# John Deere 5603 will not move



## Bertrrr (Jan 28, 2021)

This tractor jumped out of gear and the N light came on, stopped moving in any direction. 
It runs good and hydraulics all function , no burnt fuses that I've found . PTO turns 
I can hear a relay clicking when it's shifted out of Neutral to either direction ,
Thinking maybe a safety switch could be holding it out , 
Thanks for any help or advise ,


----------



## BigT (Sep 15, 2014)

Howdy Bertrrr, welcome aboard the tractor forum.

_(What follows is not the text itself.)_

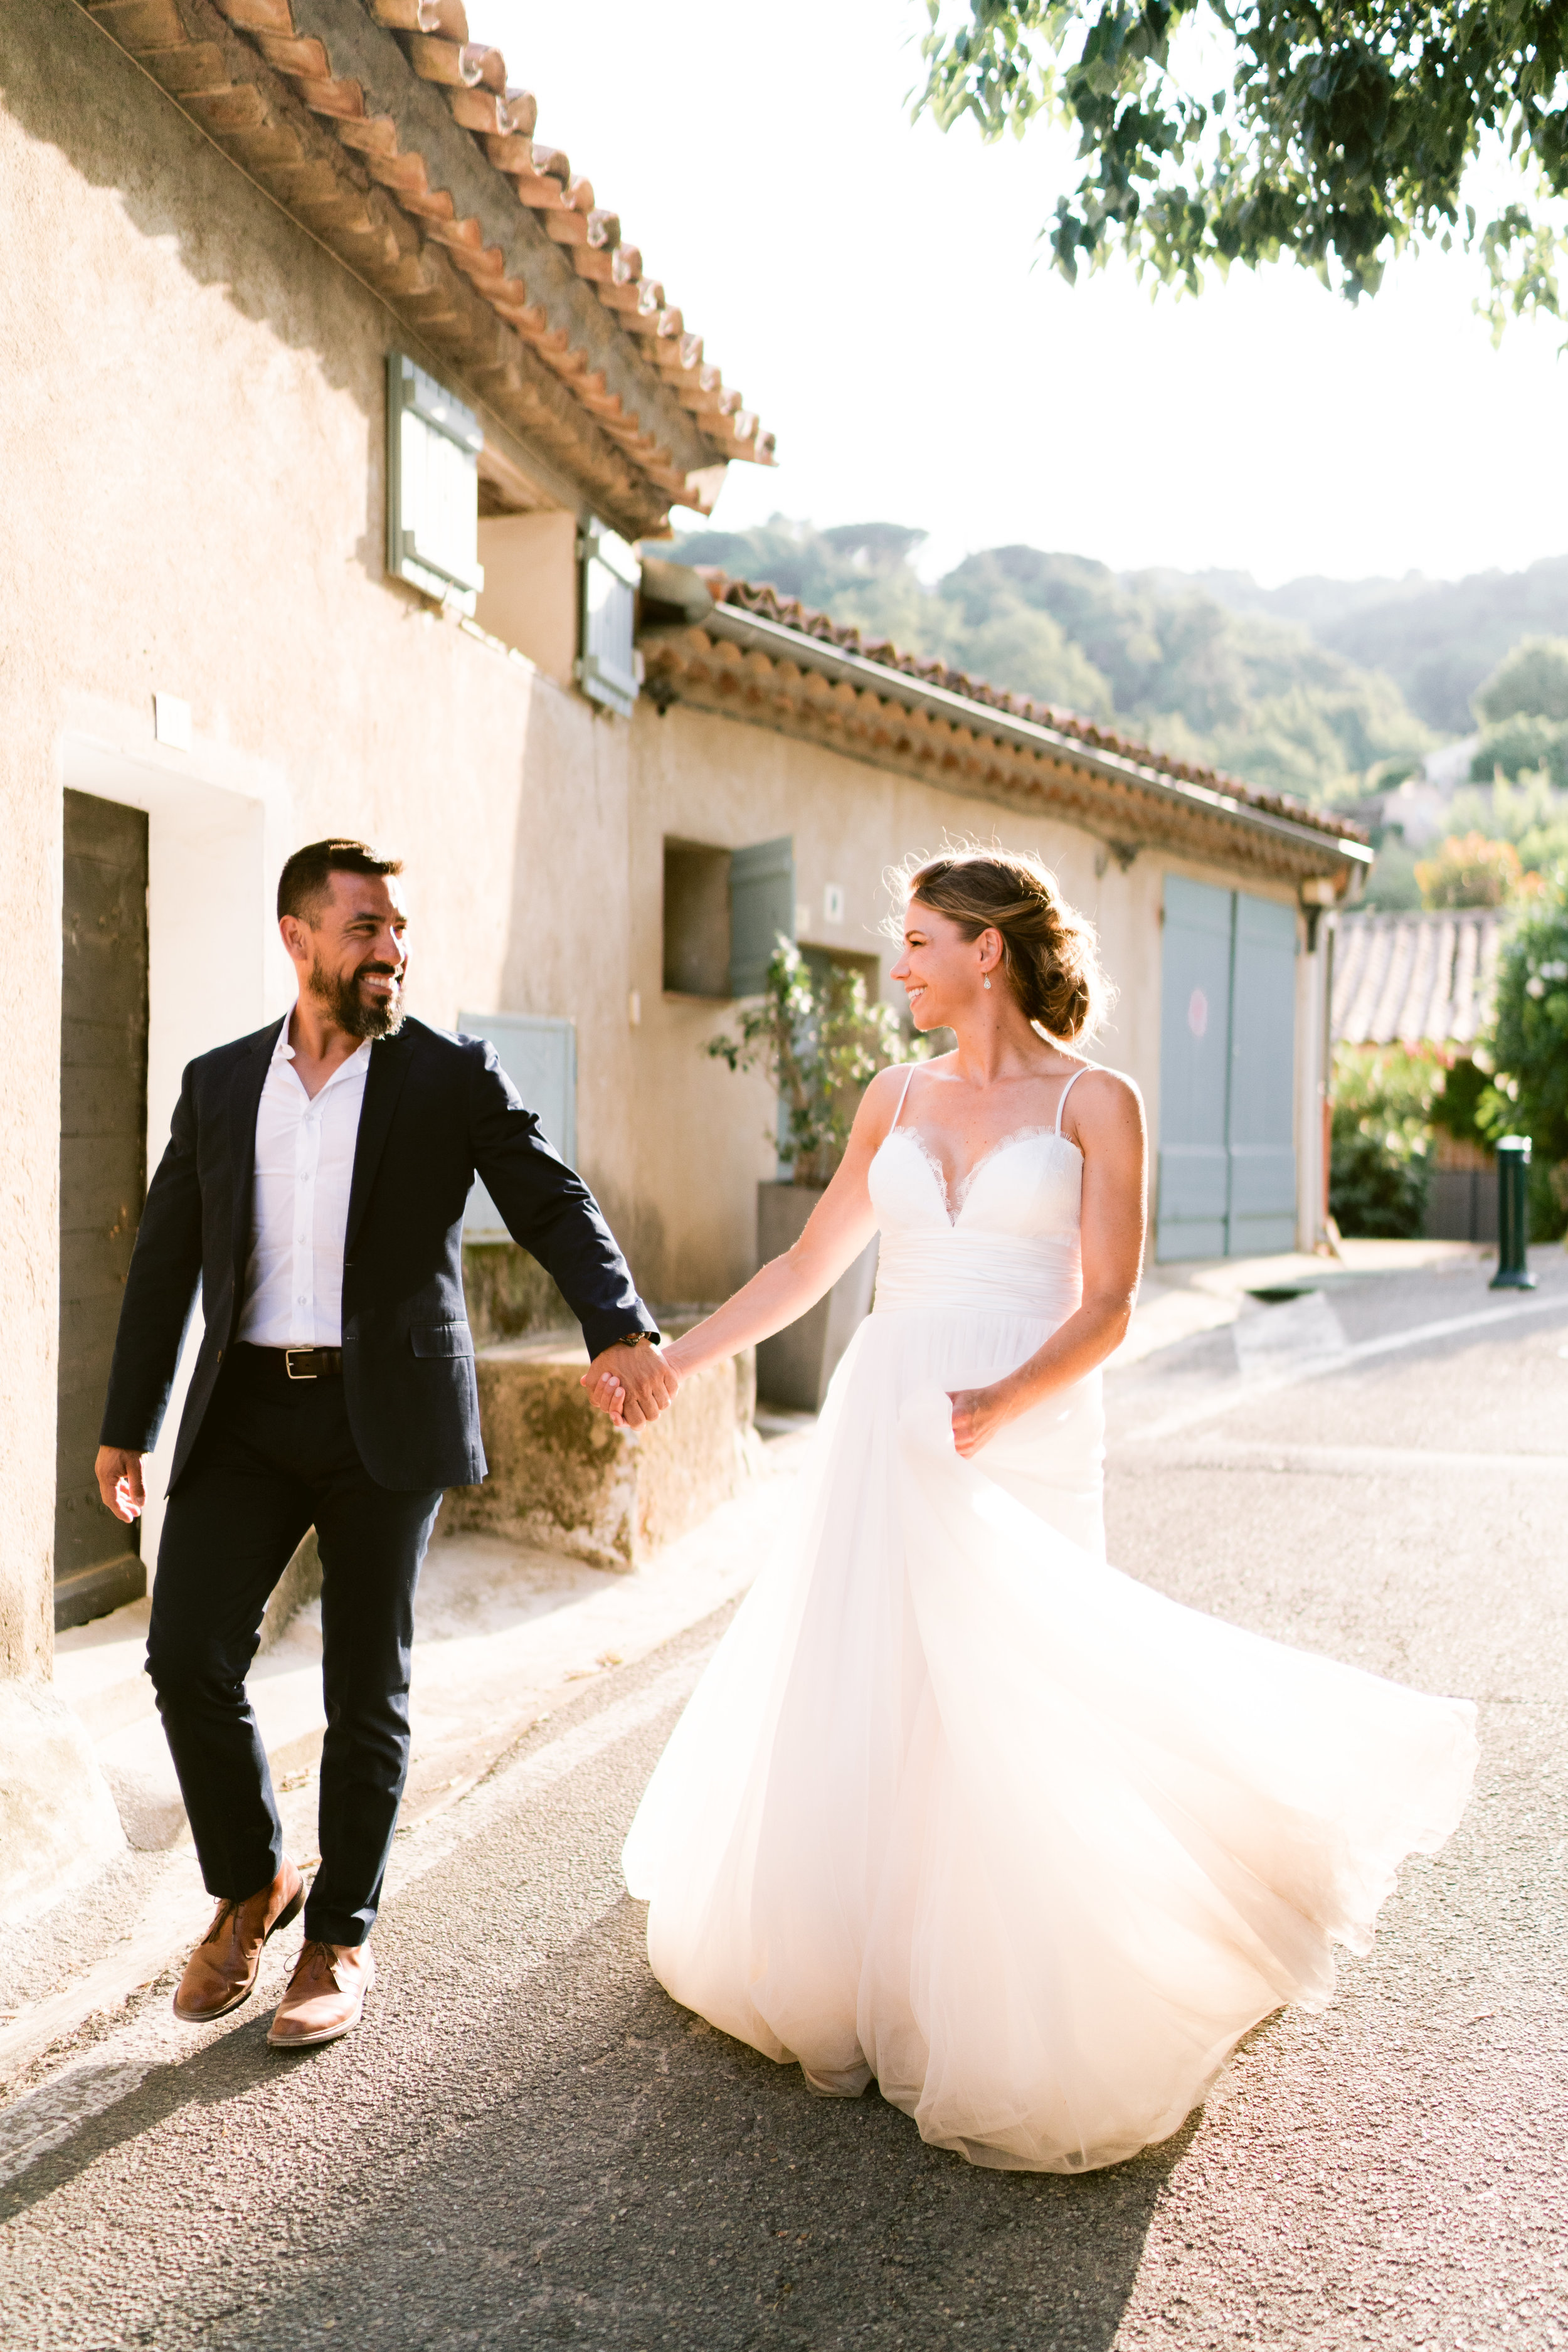 english photographer in france, wedding photographer saint tropez, romantic wedding photography france, chateau wedding france, cote d'azur wedding photographer, ramatuelle wedding (8).jpg
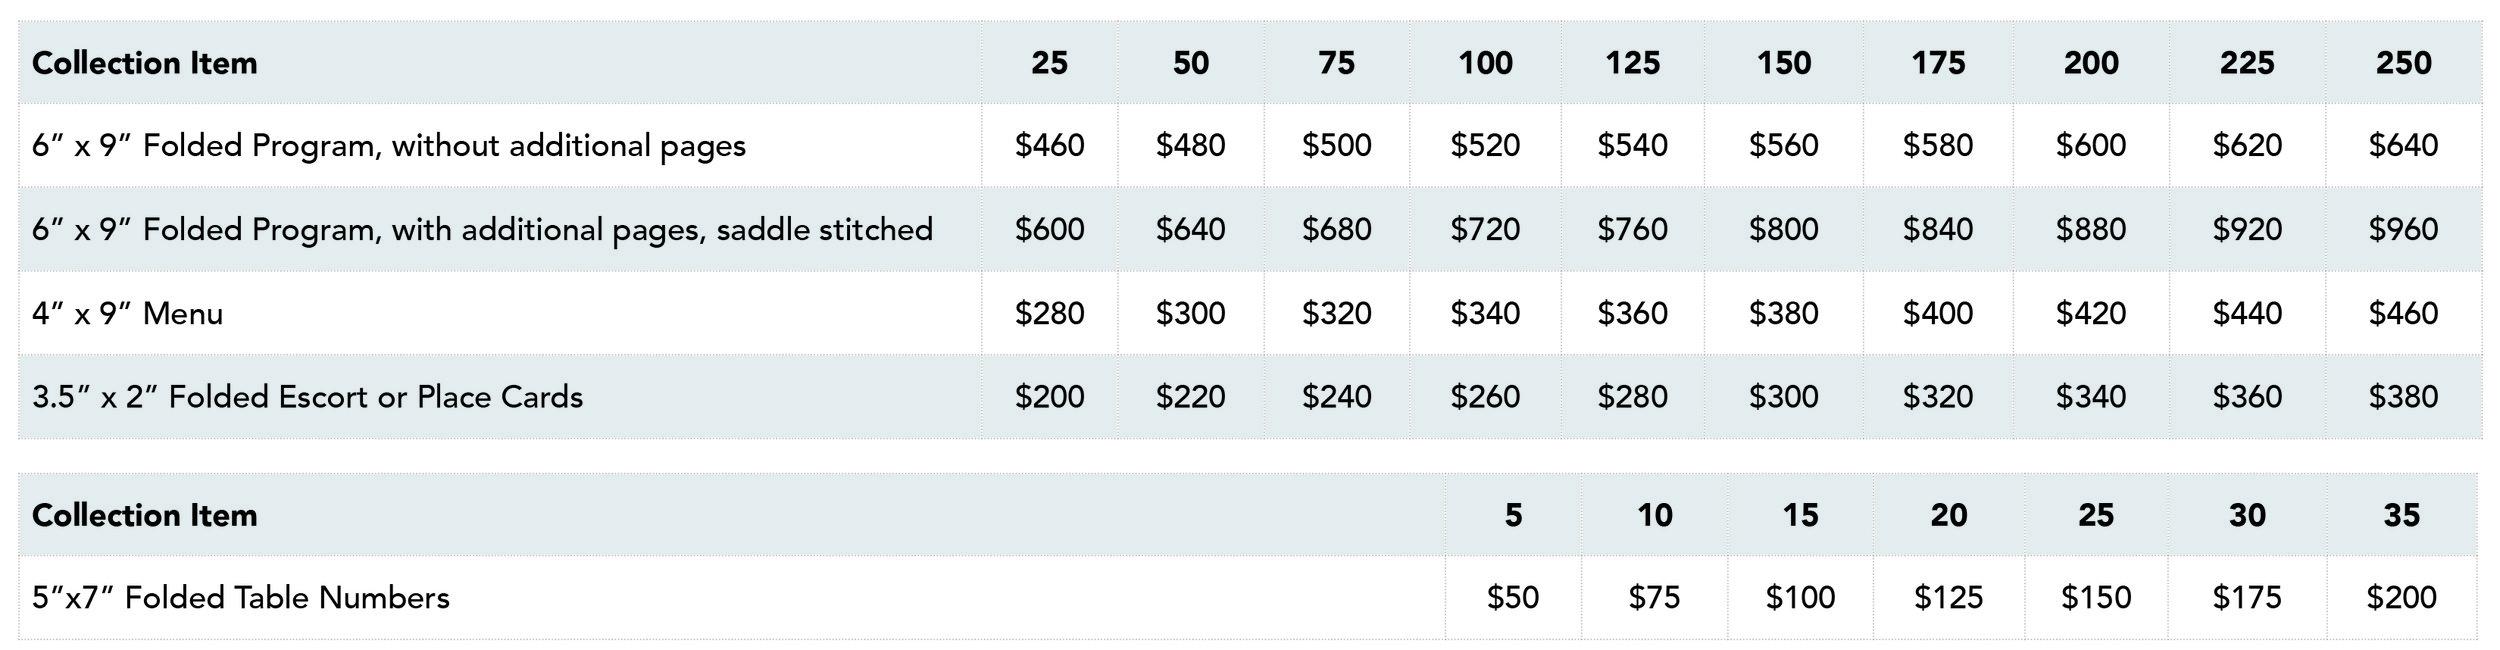 Pricing Chart_DayOfjpg

"Texas Jim" should be along here soon. He has (or had) a 5603 that wouldn't move a few years ago. Might be the same problem. He should be able to help you out.


----------



## Bertrrr (Jan 28, 2021)

BigT said:


> Howdy Bertrrr, welcome aboard the tractor forum.
> 
> "Texas Jim" should be along here soon. He has (or had) a 5603 that wouldn't move a few years ago. Might be the same problem. He should be able to help you out.


Thanks a bunch i'd love to get this thing moving again


----------



## Tx Jim (Jul 28, 2020)

My neighbor has a 5603 that stopped moving fwd & rev. Center hub in clutch stripped out. This 5603 has been repaired & is for sale for $25,000

I think Bertrrr's tractor problem may be an electrical(solenoid) problem BUT my knowledge of newer tractor's is very limited! Are any fault codes displayed? 

I personally don't like or will ever own an electronically controlled tractor.


----------